Show abelian group has element of order [m,n]

[TopCat]

Let G be an abelian group containing elements a and b of order m and n, respectively. Show that G contains an element of order [m,n] (the LCM of m and n).

This is true when (m,n)=1, because mn(a+b) = e, and if |a+b|=h, then h|mn. Now, hm(a+b) →m|h and similarly I find that n|h. But (m,n)=1, so this implies mn|h and mn = [m,n].
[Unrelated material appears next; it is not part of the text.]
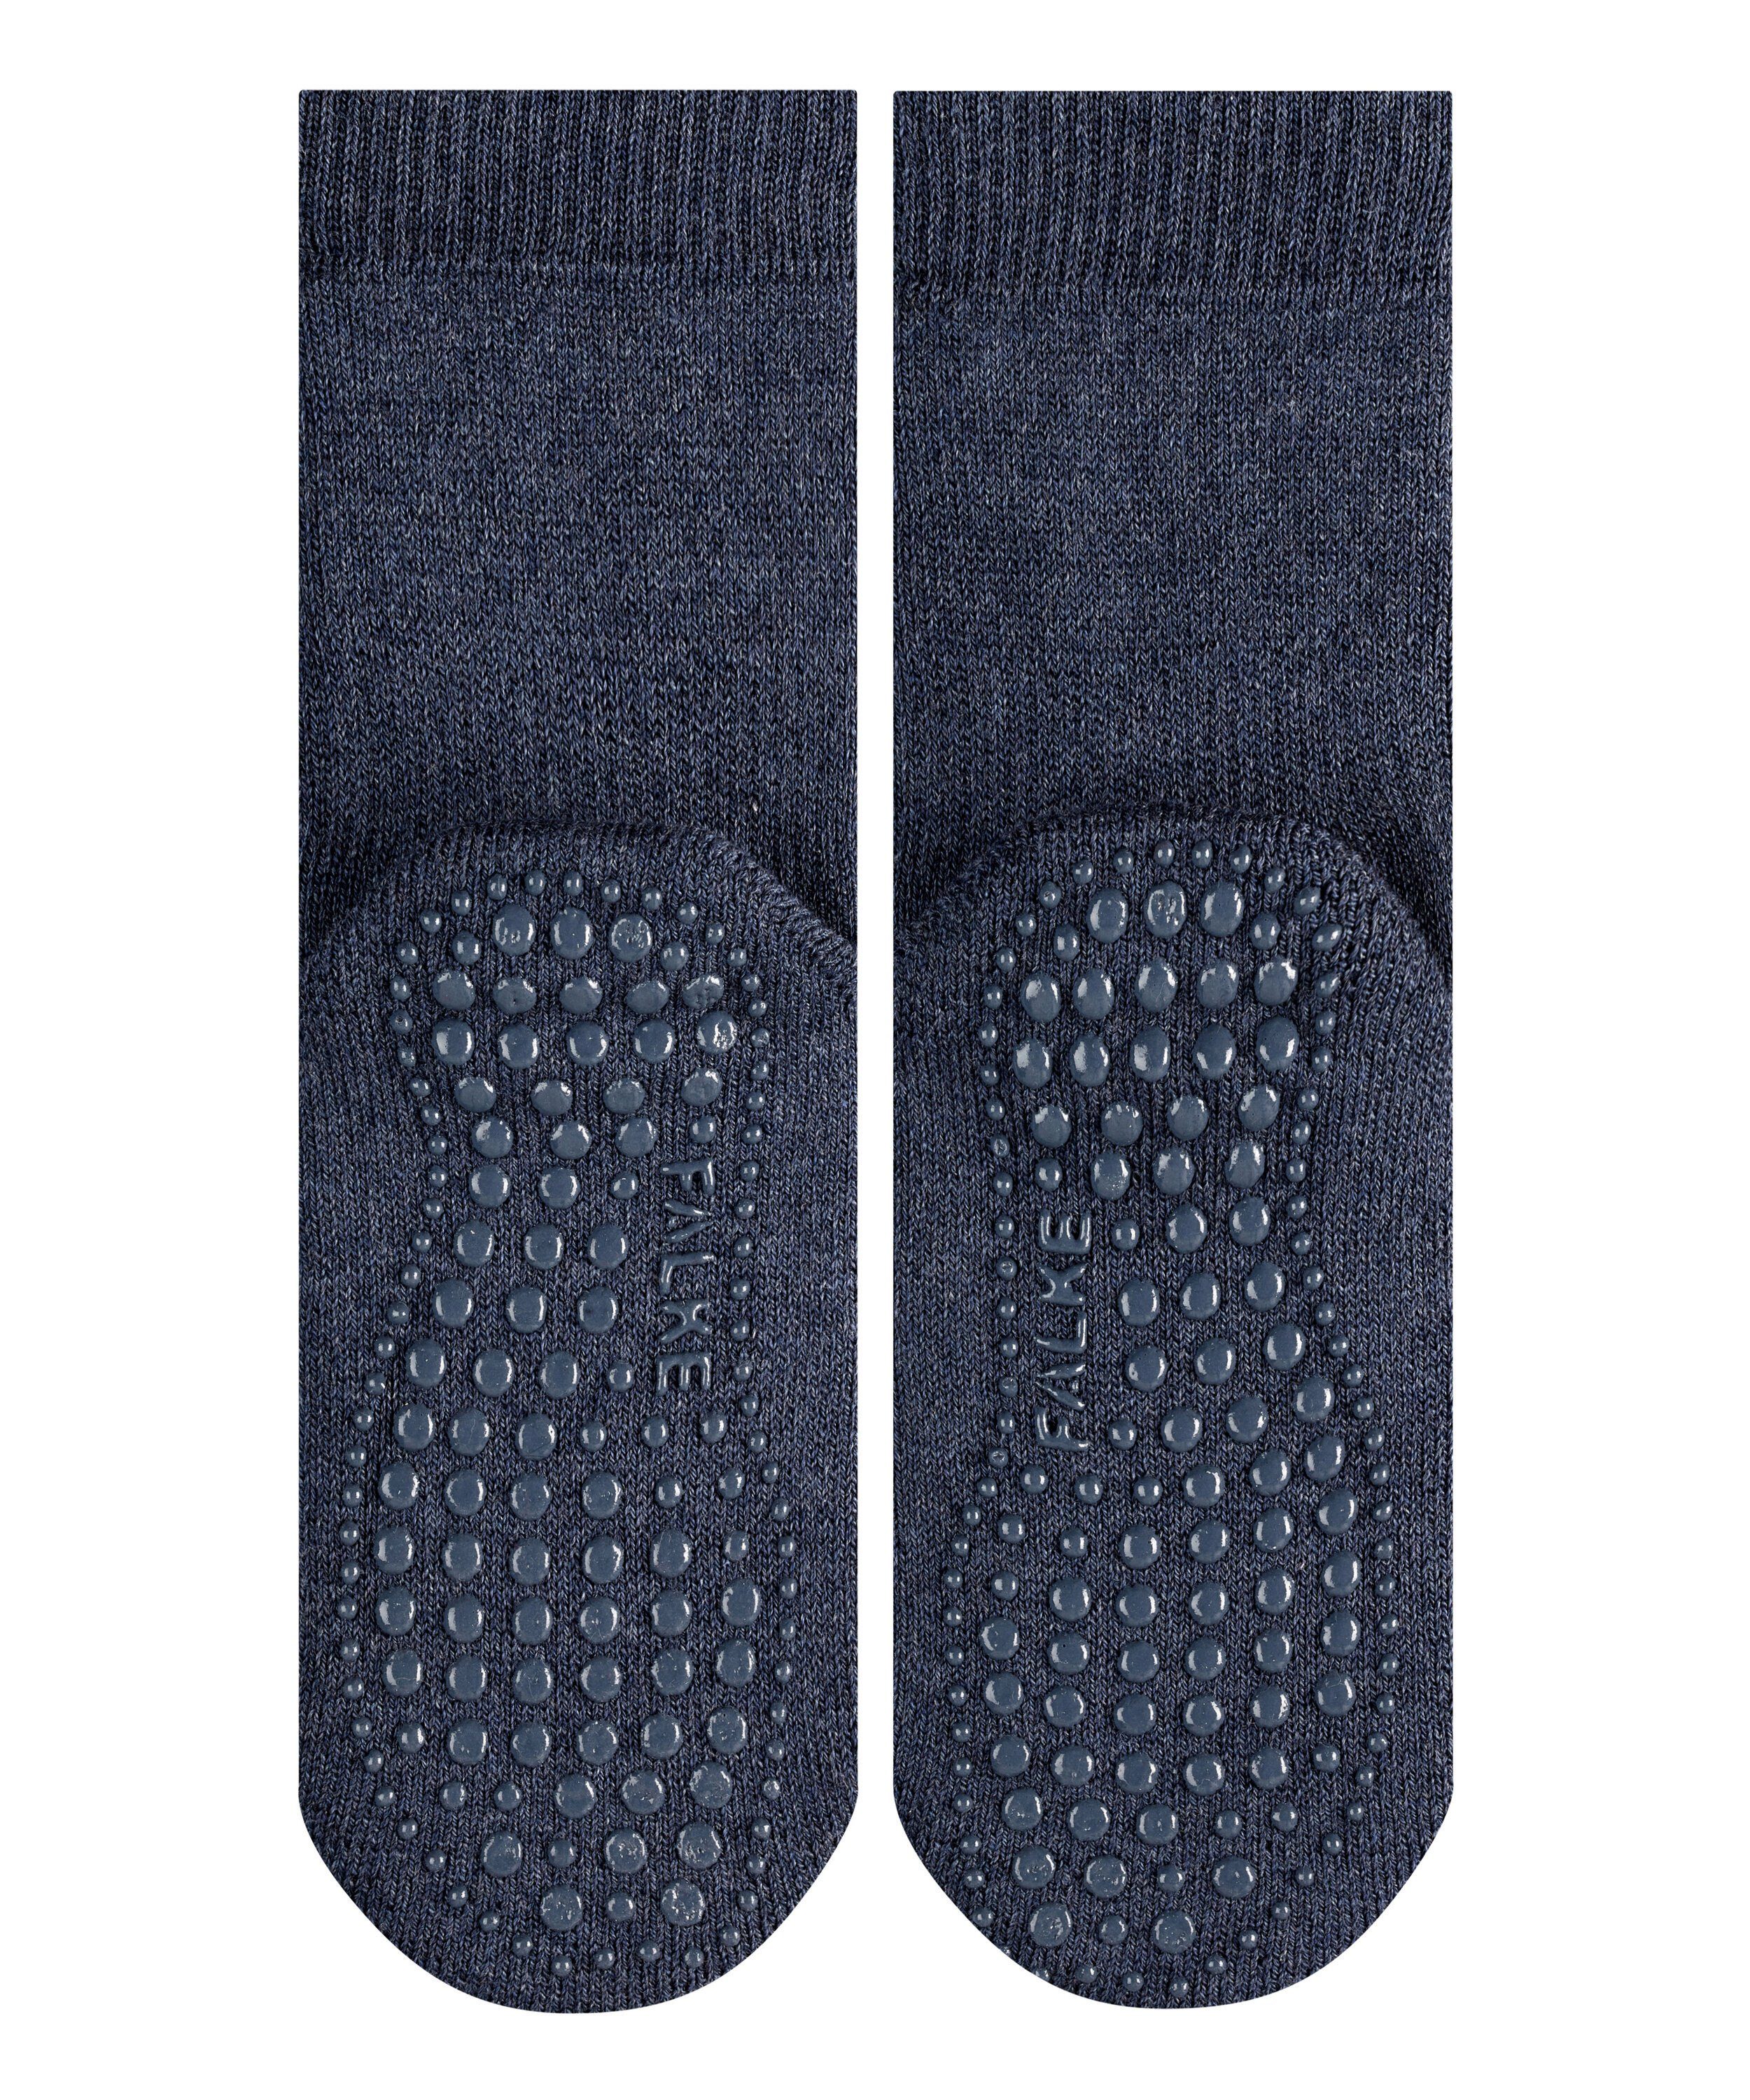 Socken (1-Paar) FALKE (6680) Catspads dark blue
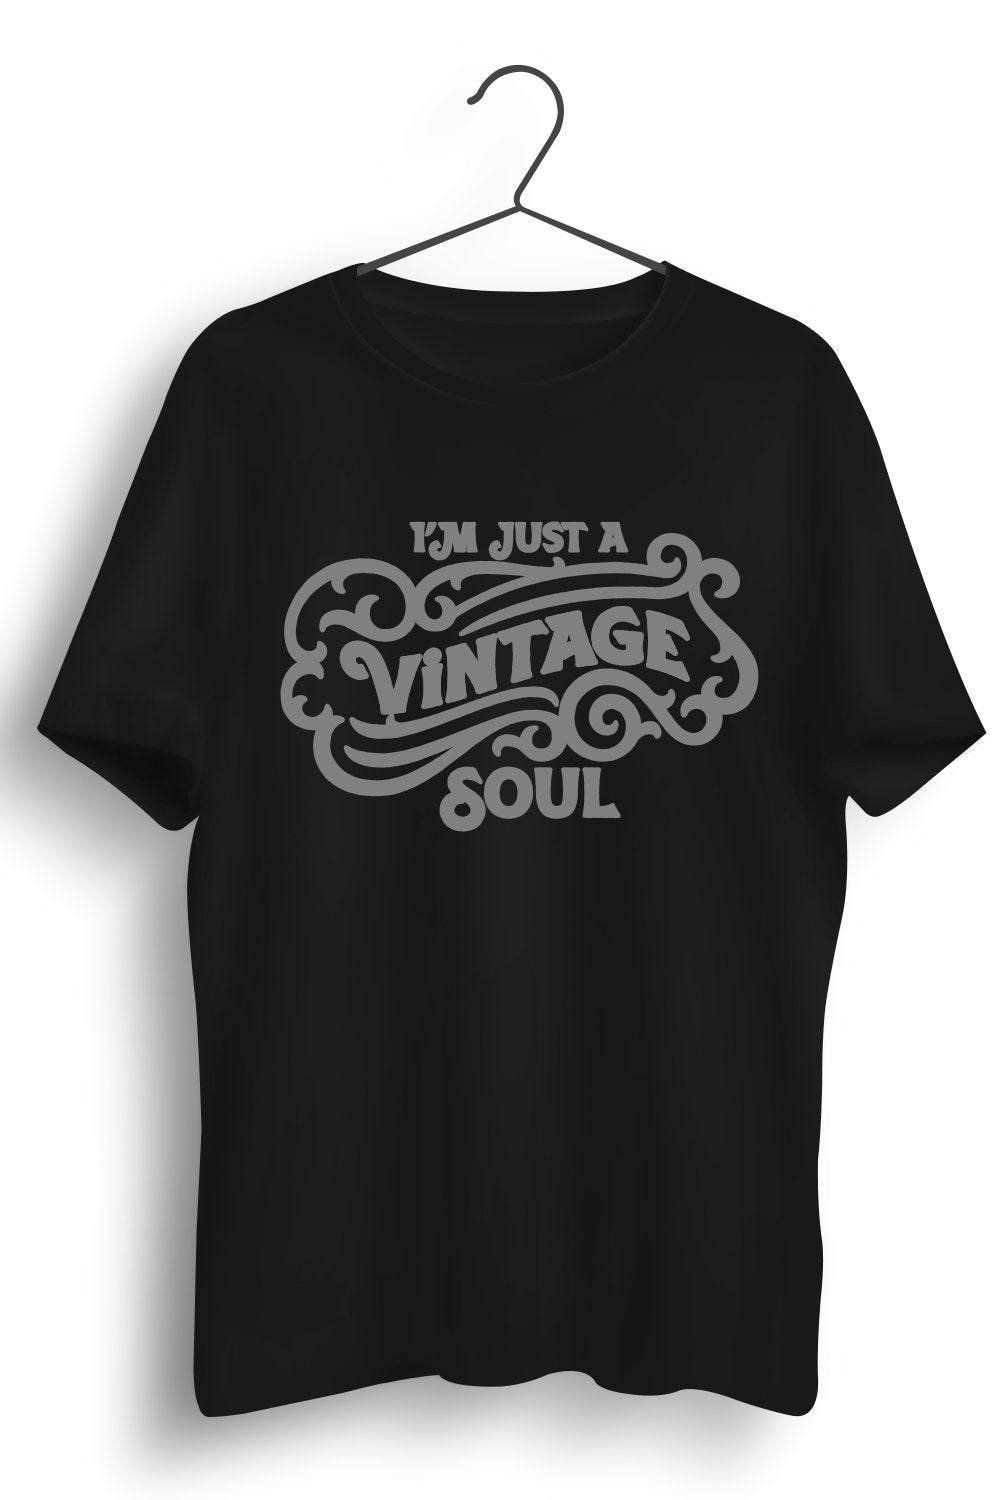 Vintage Soul Graphic Printed Black Tshirt

Now assume that (m,n)>1 and |a+b|=h. So h(a+b)=e, which implies 1)ha=hb=e, or 2)ha=-hb. If 1), then we note that [m,n] is the smallest number divisible by both m and n, so that h=[m,n]. Now, if 2) is the case, I'm not sure how to proceed. It's trivial if h=[m,n], so we must assume h≠[m,n] and get a contradiction. This hasn't worked for me.

If instead I try and show that [m,n]|h, the best I can get is that [m,n]/(m,n) | h, since I can only use a similar argument to paragraph one with m/(m,n) and n/(m,n) since they are coprime. If I consider the case where m/(m,n) and n are coprime, the result is easy, but then what if they aren't coprime?

 

[micromass]

Maybe you can do this in folloing steos:

1) If h=[m,n], then h(a+b)=0. This proves that the o(a+b) divides [m,n].
2) Prove that m divides o(a+b) and that n divides o(a+b). This will prove that [m,n] divides o(a+b)

PS: I would appreciate it if you were to follow the homework template next time.

 

[TopCat]

Ah, thanks for the tip. I needed to prove the lemma m|h, n|h imply [m,n]|h.

And my apologies. I'll be sure to use the template next time.